Prescindendo da casi patologici, persone perfettamente "normali", anche molto vicino all'equilibrio psichico (nel senso del Well-being), non sanno gestire i rapporti umani in modo che possano essere positivi al massimo.

Alcune personalità guastano i rapporti a causa dei loro difetti intrinseci: i deboli hanno una scarsa forza e, quando si accorgono che il rapporto può essere troppo oneroso da sostenere, spesso lo troncano o lo limitano; i violenti rovinano molti contatti umani perché non sanno tenere a freno i difetti collegati alla loro violenza (per esempio invidia, gelosia, possessività ecc.), i contemplativi e gli statici tendono a essere spesso "pesanti" con contatti che esulano dai loro oggetti d'amore, i vecchi mal si adattano a ogni contatto che richieda una modifica nella loro vita.

È però più interessante studiare il comportamento di chi, per personalità, non sembrerebbe portato ad avere difficoltà di relazione, mentre all'atto pratico le evidenzia.

Poiché tali difficoltà aumentano con l'invecchiamento del soggetto (molte persone rimpiangono i tempi dell'adolescenza o della scuola in cui era molto facile avere amici e la solitudine era una parola sconosciuta), si può ritenere che, se non si corre ai ripari, sia naturale evolvere verso la solitudine dell'anziano.
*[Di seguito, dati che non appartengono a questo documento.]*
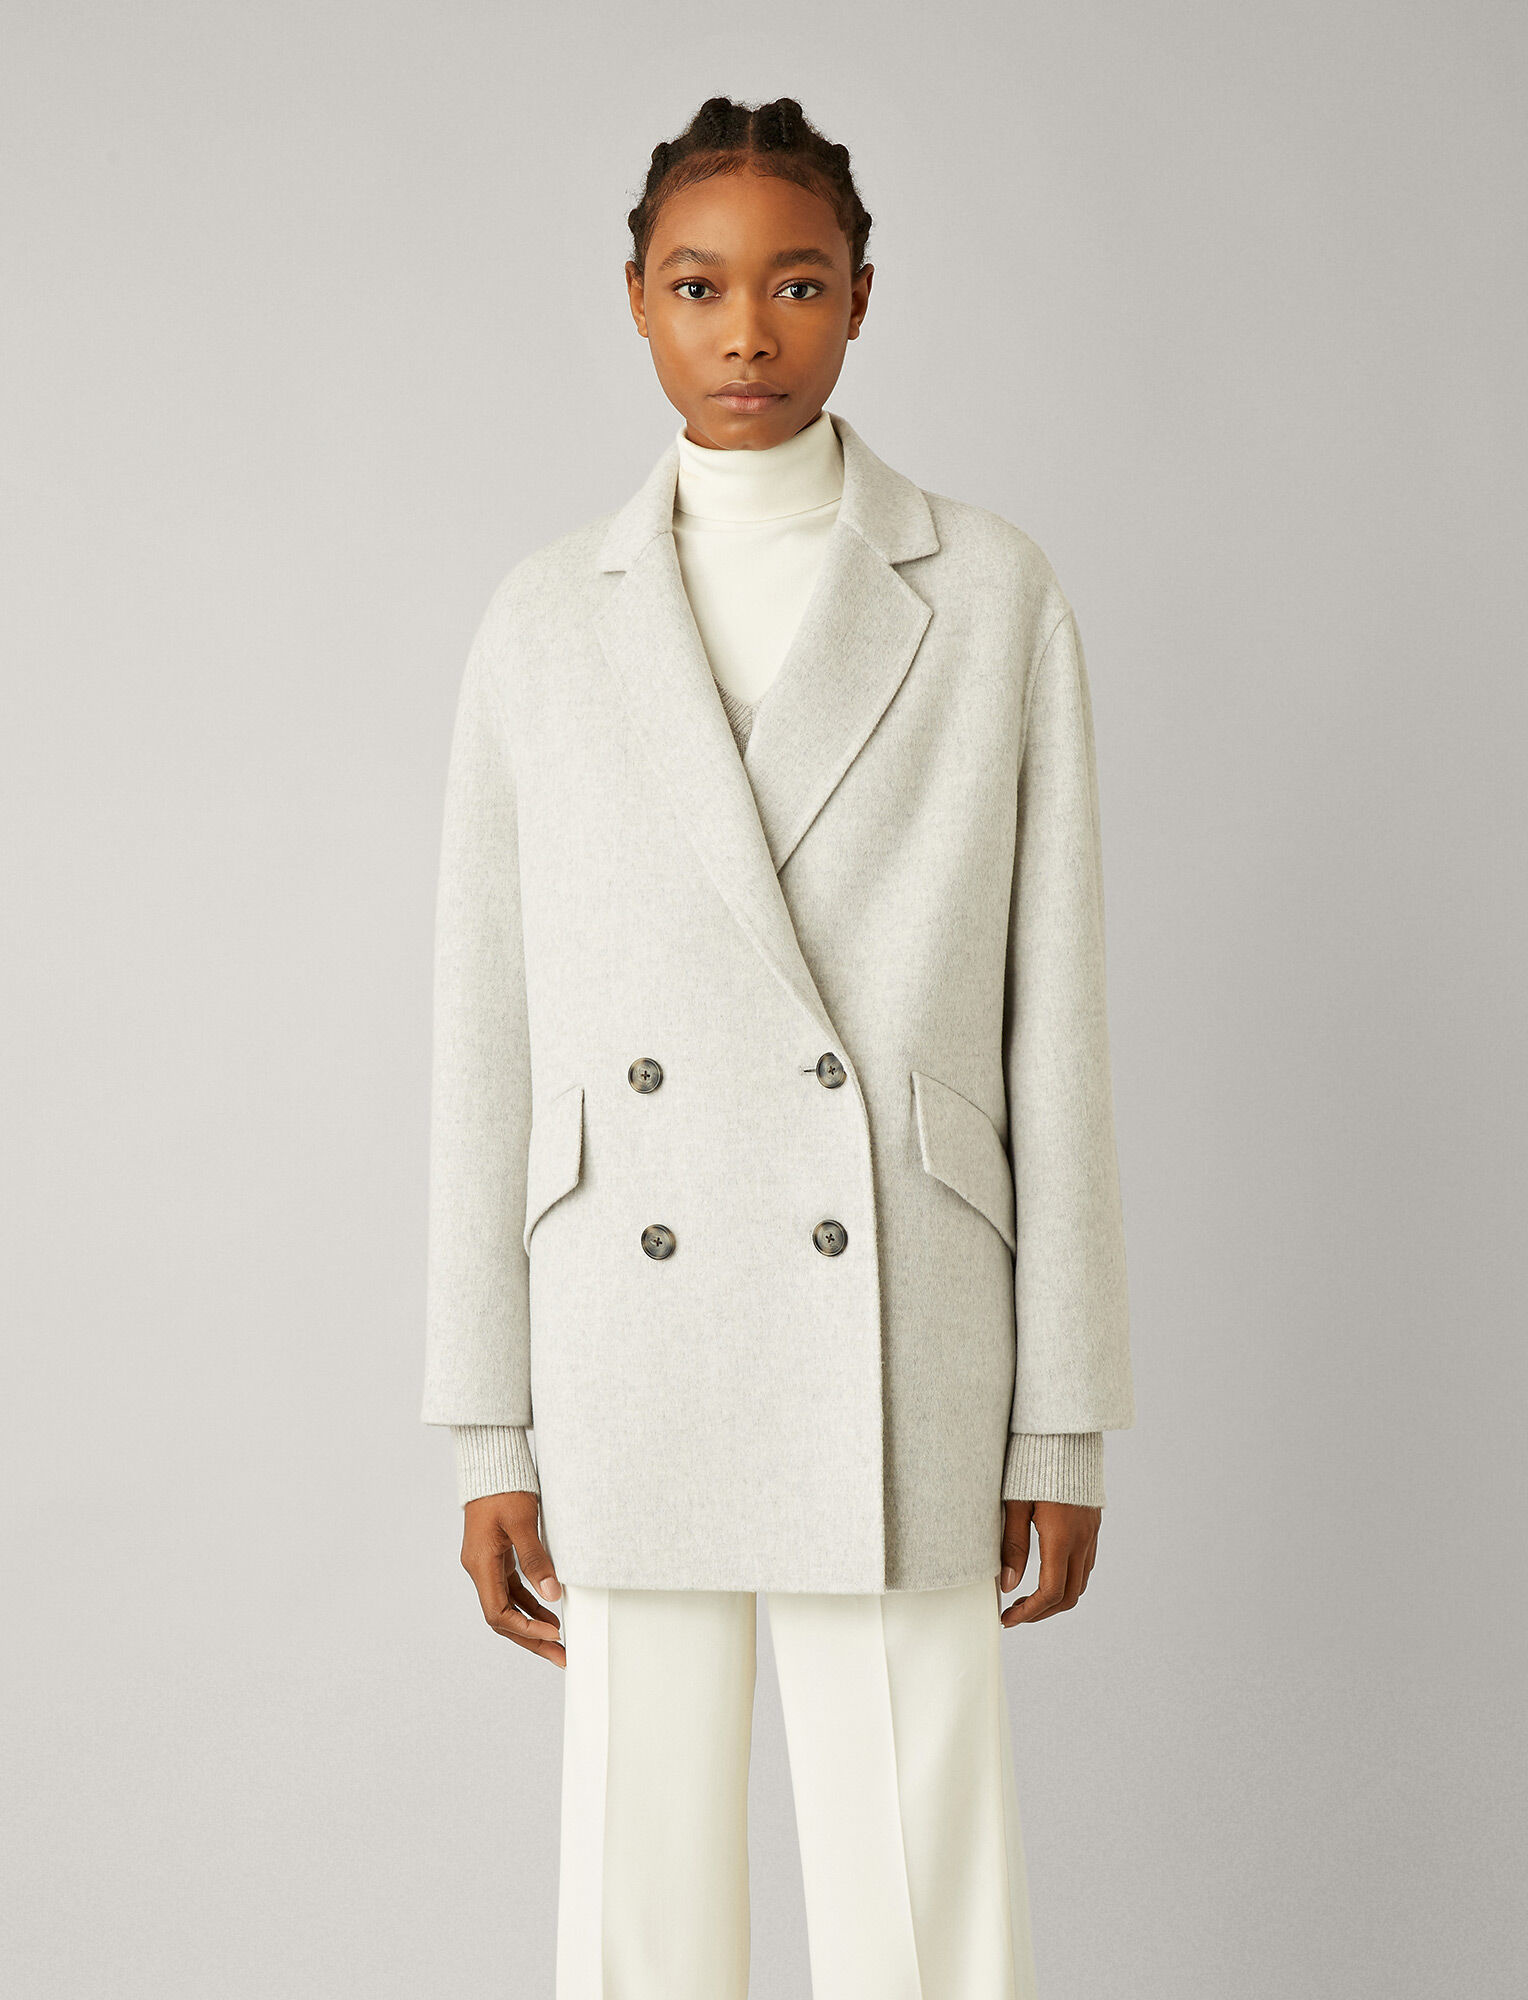 Milburn Pearl coat cashmere

Infatti gli anziani sono soli soprattutto perché non riescono più a gestire bene i rapporti umani; studiando il loro tipo di solitudine e adattandolo a tutte le età, si scopre che tratti comuni sono:

·         La valutazione discreta; le persone vengono scisse fra positive e negative, senza toni intermedi e l'universo di quelle positive si restringe sempre più, spesso rimanendo confinato ai soli familiari. L'universo negativo è rifiutato e i contatti con esso decisamente limitati.

·         La gestione passiva; non esiste nessun tentativo di gestire l'universo positivo che così può interagire con noi solo se è propositivo. In altri termini, si pretende che la montagna venga sempre da Maometto. 

Ribaltando i due punti precedenti, si scopre che la strategia corretta per ottimi rapporti umani si basa su: 

·         Una valutazione continua delle persone. In ogni persona c'è qualcosa di buono che consente con lei un rapporto positivo: nostro compito è saperlo estrarre.

·         Una gestione attiva. Non limitiamoci a ricevere (subire) proposte (che magari sono parzialmente in conflitto con il nostro sentire), ma prendiamo in mano la situazione e vediamo di proporre (sperabilmente con entusiasmo!) contatti umani che esaltino i reciproci pregi, nascondendo del tutto o in parte i reciproci difetti. 

Una gestione attiva dei rapporti umani è un investimento per il nostro futuro, non sottovalutiamone l'importanza.

 

Le strategie sbagliate. Sono ovviamente infinite e nascono dal fatto che, anziché ricercare oggetti d'amore, la persona riempie i propri buchi esistenziali in altro modo. Le strategie più frequenti sono quelle che impiegano la strategia della cooperativa e le attività di gestione.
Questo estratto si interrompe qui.